Note that $f[a_4,a_5] ⊇ [a_1,a_5]$ and $f[a_3,a_4] ⊇ [a_4,a_5]$
hint : find $B_1 ⊂[a_4,a_5]$ with $f(B_1) = [a_3,a_4]$ and
find $B_2 ⊂[a_4,a_5]$ with $f(B_2) = B_1$
Not sure if I am approaching this correctly:
I read an example about a Period $5$ that does not imply period $3$ but I'm not sure if this applies to this problem here that is
Let $F: [1,5] → [1, 5]$, be defined such that $F(1) = 3$, $F(2) = 5$, $F(3) = 4$, $F(4) = 2$, $F(5) = 1$ . We later find that $F^3$ must have a fixed point in $[3,4]$. With a little more work we get that
The intervals on $[1,2]$, $[2,3]$, and $[4,5]$ are impossible at $F^3$. On the interval $[3,4]$, F is defined linearly and so $F(x)= 10 -2x$. It has a fixed point $10/3$ and it is easy to see that $F^3$ has a unique fixed point, which must be $10/3$. Hence there is no point of period $3$.
From the given problem, I see $f(a_1)=a_2$, $f(a_2)=a_3$, $f(a_3)=a_4$, $f(a_4)=a_5$, $f(a_5)=a_1$
therefore $a_1→a_2 →a_3→a_4 → a_5$
I'm having trouble understanding the last two lines (the hint) including what is B1 for $f(B_2) = B_1$. Can someone explain or graphically explain what is happening?
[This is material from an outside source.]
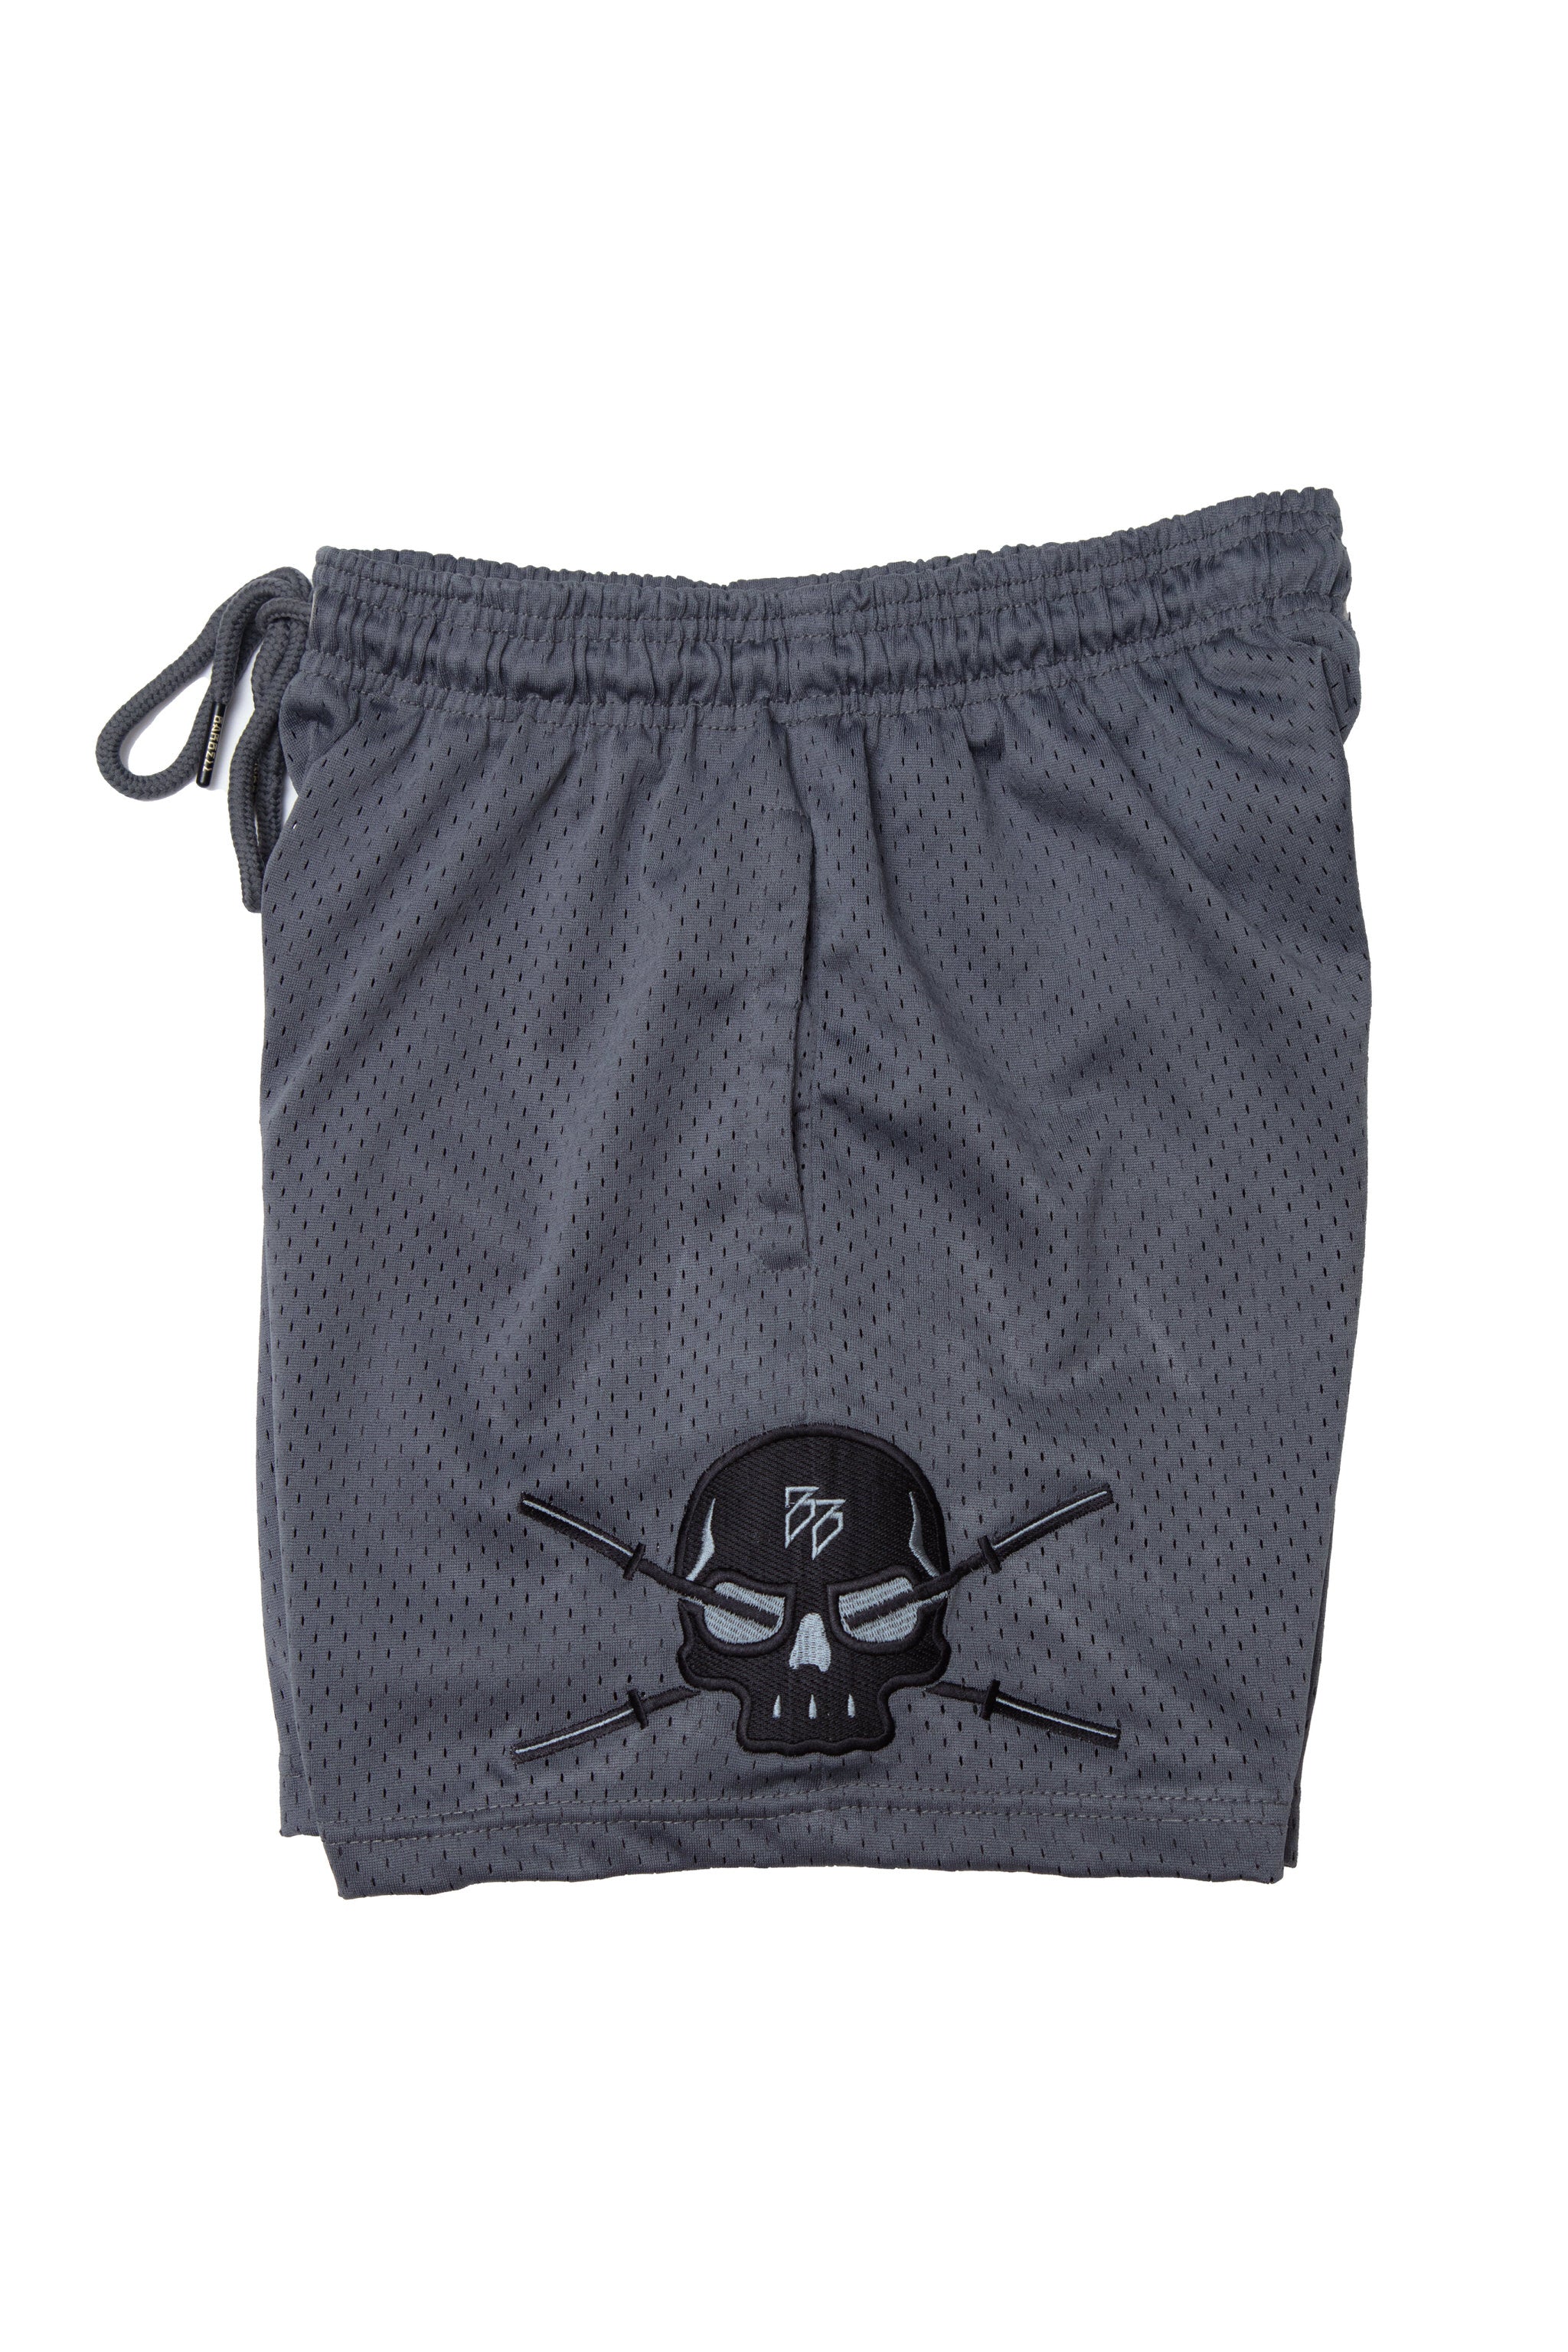 New Limits - Mesh Shorts (Grey With Black Skull)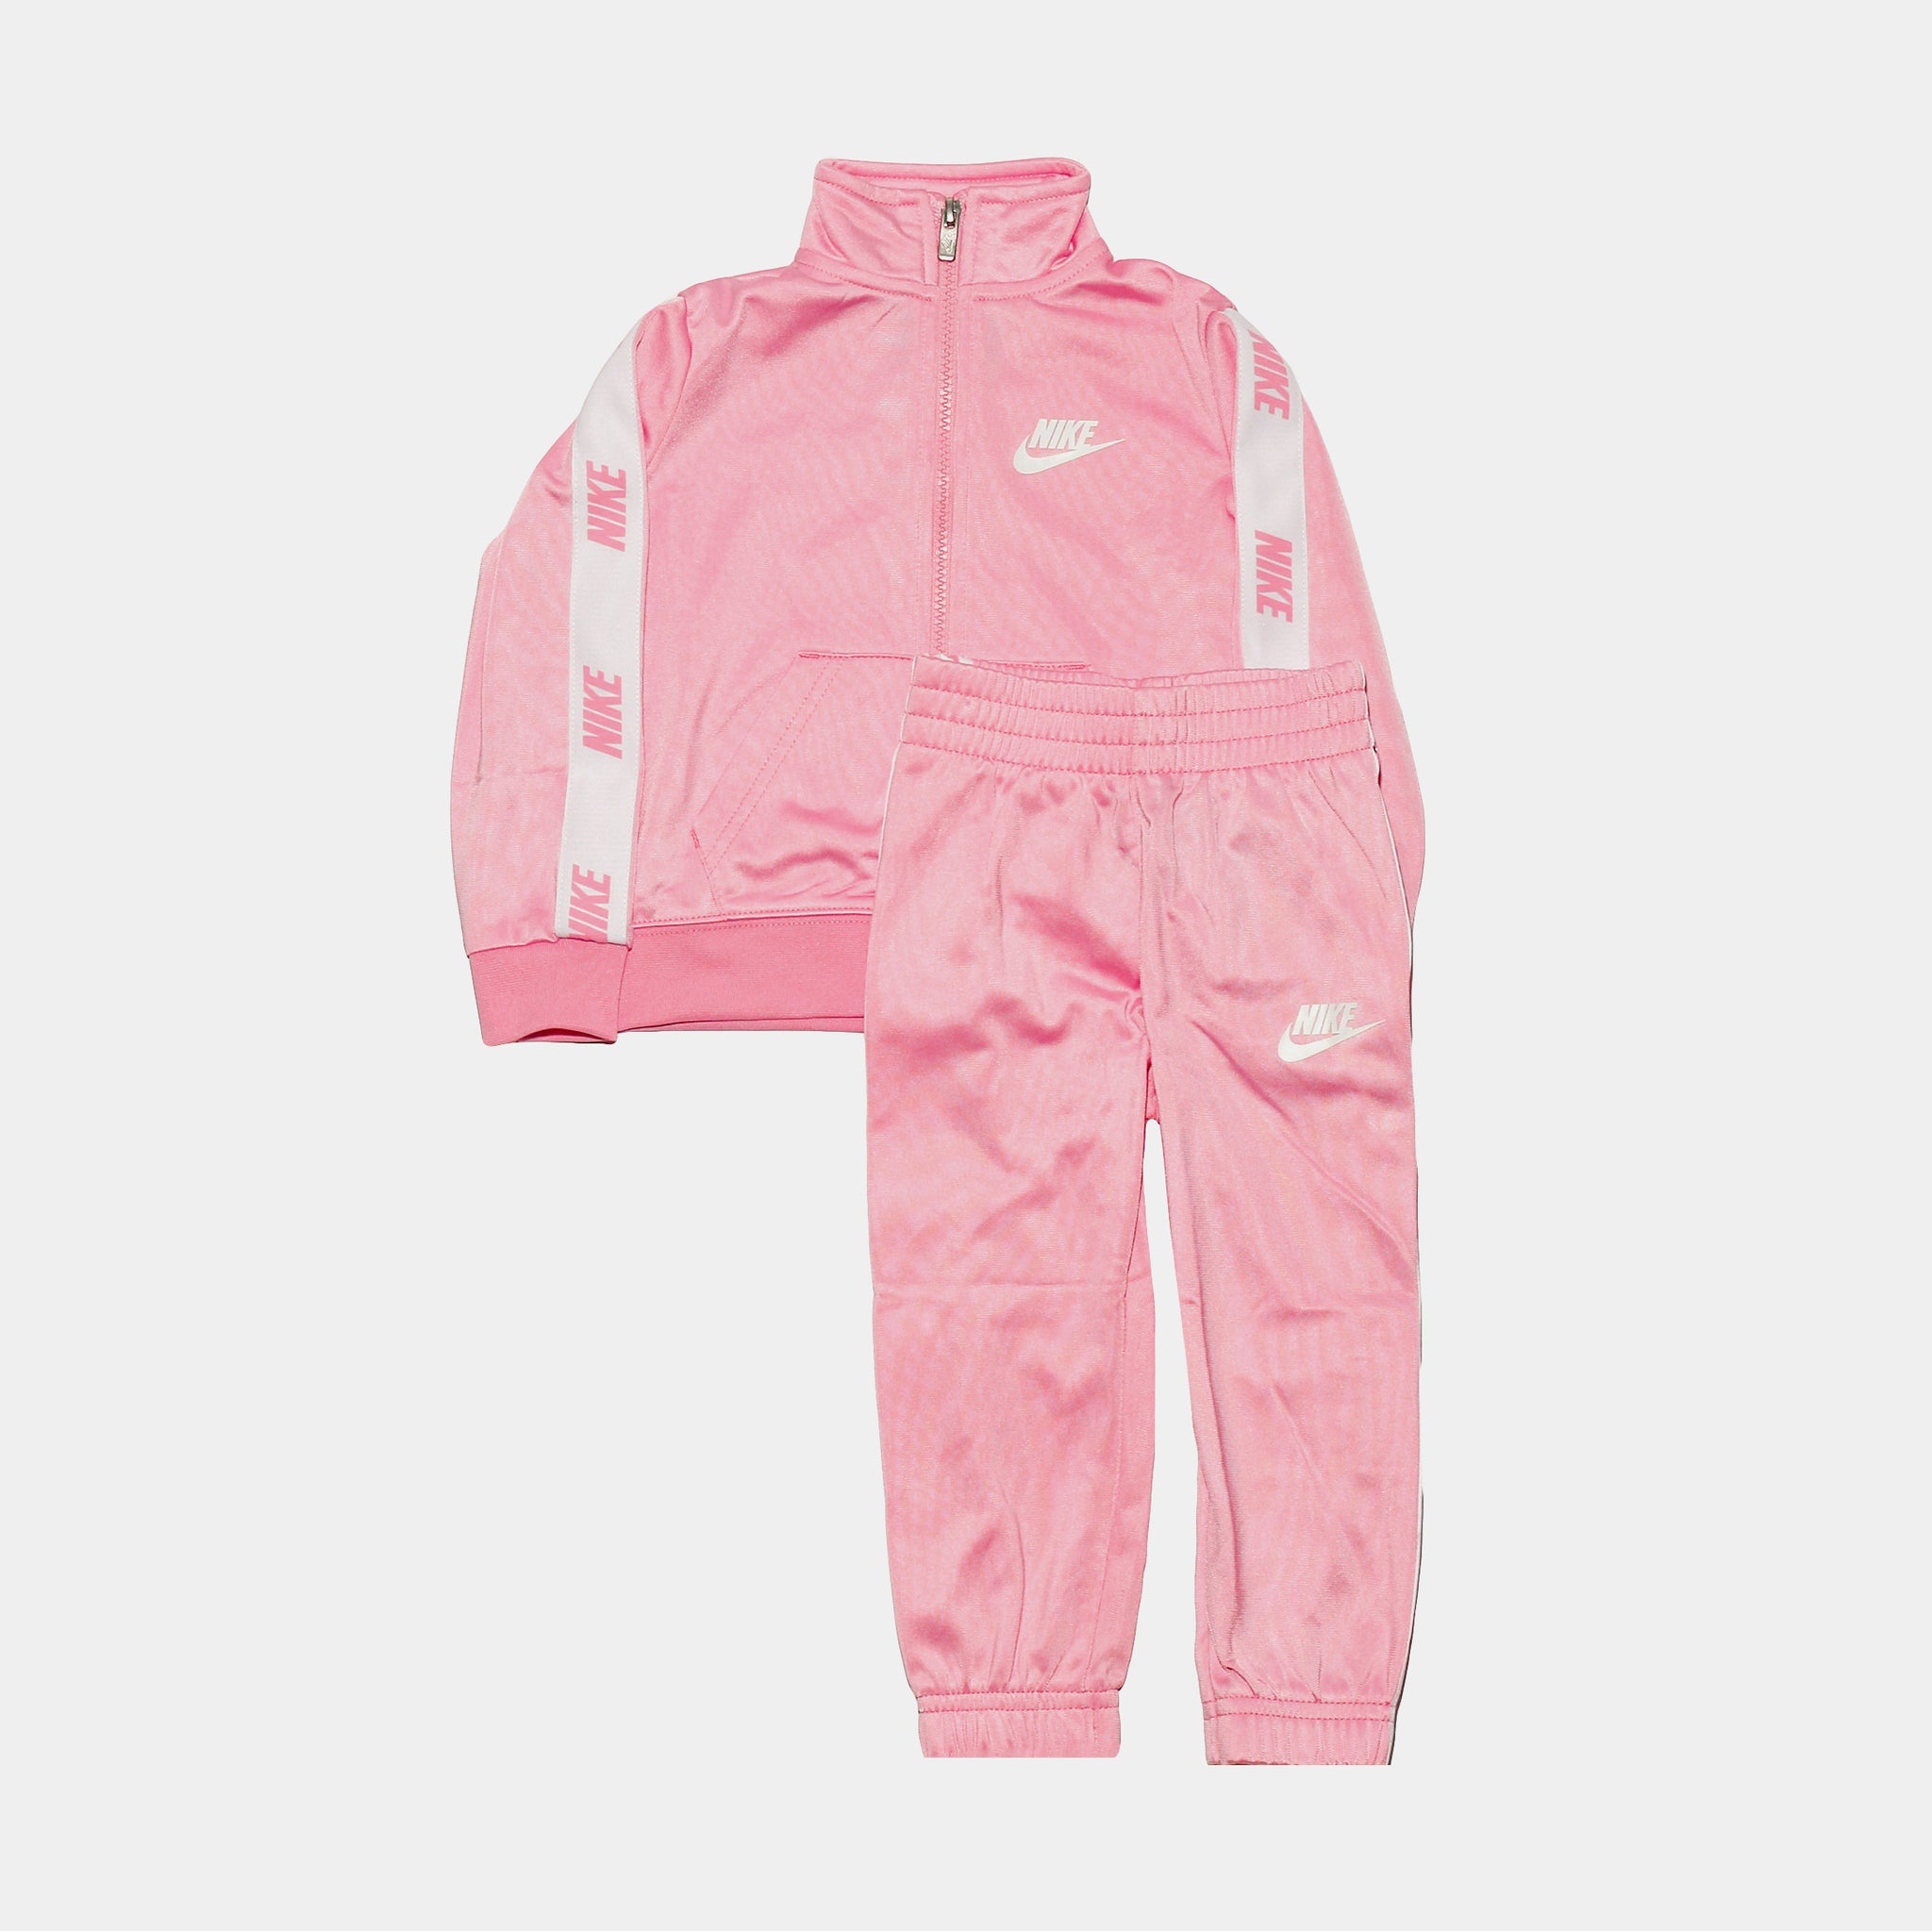 Nike NSW Tricot Set Toddler Set Pink 26G796-A8F – Shoe Palace

The sets $B_1$ and $B_2$ that you're looking for are closed intervals and the key is using the Intermediate Value Theorem and the fact that if $I$ is a closed interval and $g:I \rightarrow \mathbb{R}$ is a continuous function such that $I \subset g(I)$, then $g$ has a fixed point, this follows from the Intermediate Value Theorem by looking at the function $g(x) - x$.
Supposing you have found those intervals, then $B_2$ is such that $f^2(B_2) = [a_3,a_4]$, since $a_3$ is mapped to $a_4$ and $a_4$ to $a_5$, then $B_2 \subset f^3(B_2)$, therefore, $f^3$ has a fixed point which is either a fixed point for $f$ or a $3$-cycle for $f$, but it cannot be a fixed point since this point would be in $B_2 \subset [a_4,a_5]$ whose second iterate goes to $[a_3,a_4]$ and the only possible intersection point between those two sets is $a_4$ which is not a fixed point, therefore, there exists a $3$-cycle.
To find $B_1$, notice that the image of $[a_4,a_5]$ contains $[a_1,a_5]$, in particular, it contains $[a_3,a_4]$, just take a connected component of the closed set $f^{-1}([a_3,a_4])$ that lies inside $[a_4,a_5]$, this will be $B_1$. Do the same thing to find $B_2$ since the image of $[a_4,a_5]$ contains $B_1$